Kate Sparkes was born in Hamilton, Ontario, but now resides in Newfoundland, where she tries not to talk too much about the dragons she sees in the fog. She lives with a Mountie, two kids who take turns playing Jeckyll and Hyde, two cats, an intentional boxer and an accidental chihuahua. She's the author of the bestselling Bound Trilogy (mature YA Fantasy). www.katesparkes.com View all posts by Kate Sparkes

22 responses to “WIPpet Wednesday: Consequences

  • kathils

    Nice piece, if a bit sad. *sigh* But I do love how you describe what Rowan finds beauty in. When my Hubby and I are splitting wood, I often get scolded *cough* for trying to hoard pieces that I find intriguing. To him, it’s all wood. LOL

  • L. Marie

    A lovely excerpt. Love the beach combing. But sad, as Kathi said. I don’t blame you for not wanting to go the insta-love or codependent route!

  • erickeys

    “I suppose it was garbage once, but after a while it becomes beautiful. ”

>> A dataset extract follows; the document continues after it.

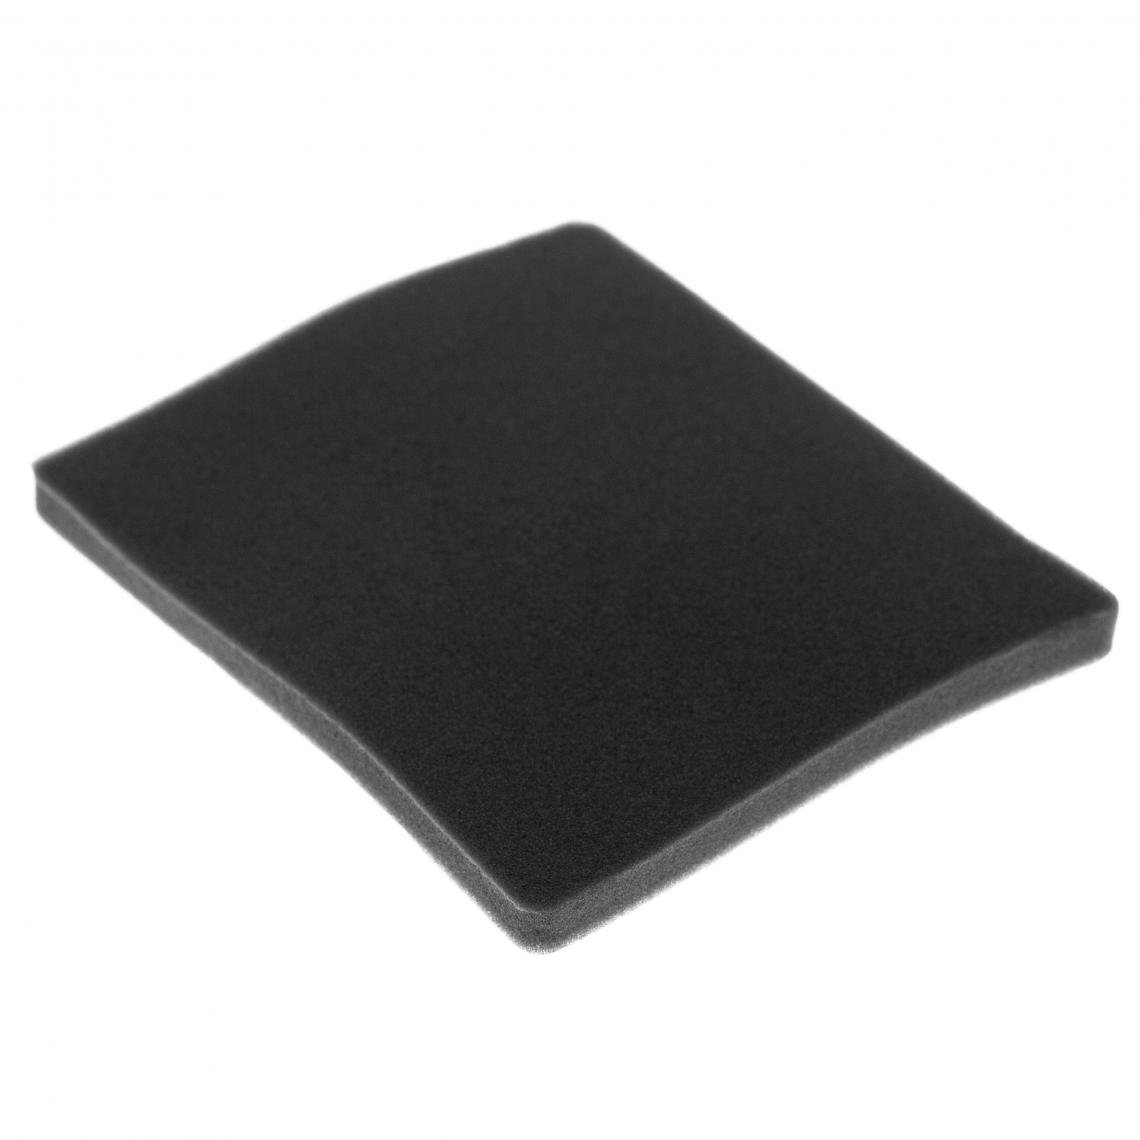 Vhbw - vhbw Filtre compatible avec Electrolux ZSC69FD2 (903151901) aspirateur - filtre de sortie d'air (filtre éponge), noir - Accessoire entretien des sols
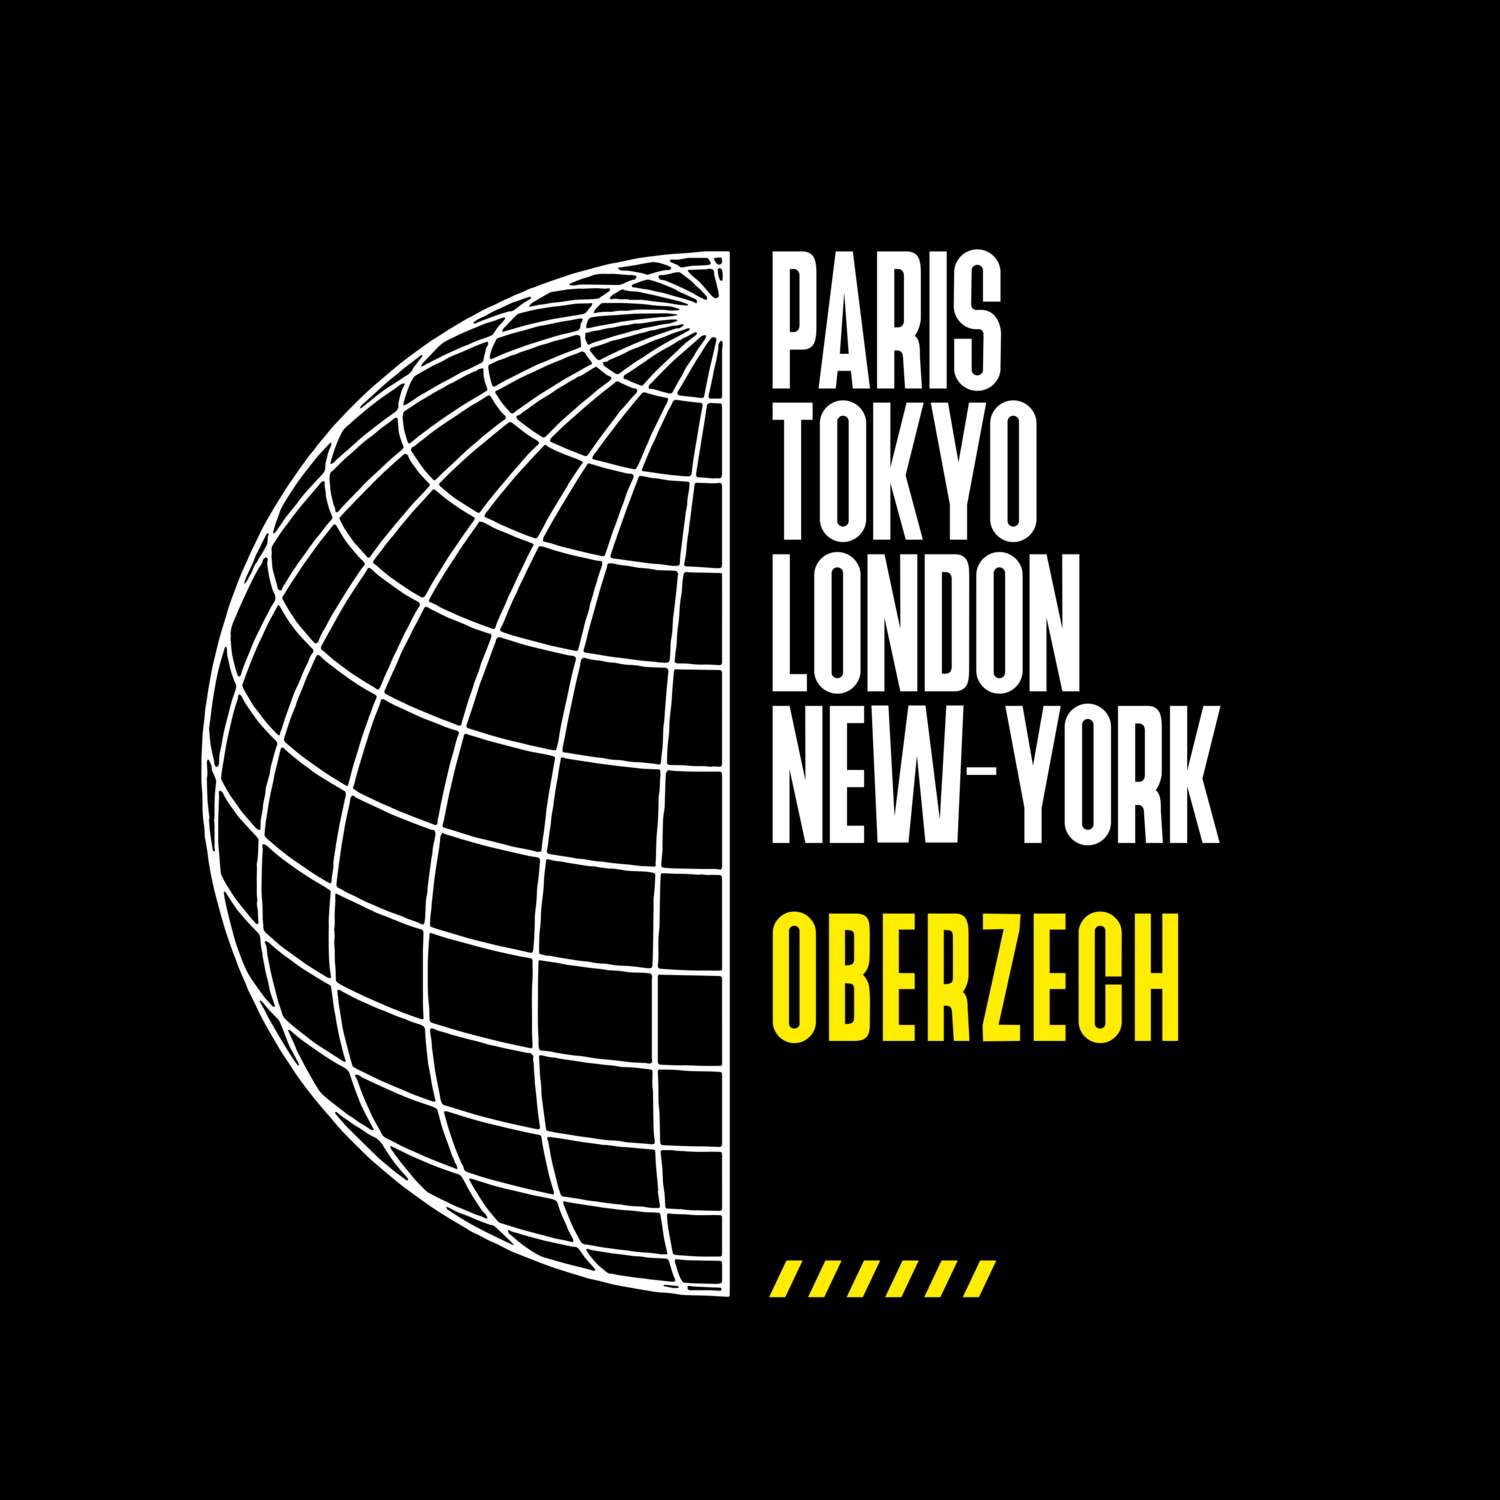 Oberzech T-Shirt »Paris Tokyo London«

    Good point. I wonder if that applies to people, too?

  • Kate Frost

    This is a scene is both beautiful and melancholic at the same time. I loved the calmness of it and the setting. Your descriptions and the little details you use are just lovely. Those last couple of lines are so sad and made me want to know more.

  • elaine jeremiah

    A great excerpt Kate. Kind of intriguing too – why can’t they be together at the moment? Will they ever be together? Lots of unanswered questions. You’ve obviously been working really hard on this. Good stuff. 🙂

  • ReGi McClain

    “I suppose it was garbage once, but after a while it becomes beautiful.” -Favorite line, right there.

    I intensely loathe the love at first sight thing, but we more or less skipped the give it time bit, so moments like these hold a foreign interest for me. 🙂

  • Adrian

    I love the complicated nature of this. I don’t mind the instant love, what I hate is when it remains simple and only instant love. Hmmm now it’s making me think about some of my own stuff. I do love the sadness but the hope that remains in this. Well done.

  • Alana Terry

    You did a great job with the dialogue. For first draft this is very sophisticated in my opinion. I like the tension, complexity, and sadness backdropped against the beauty around them

  • Eden

    Love at first sight… I think if we work with it, it can be powerful. Too often people don’t realize it’s MORE work to write and give people an experience worth believing, not less.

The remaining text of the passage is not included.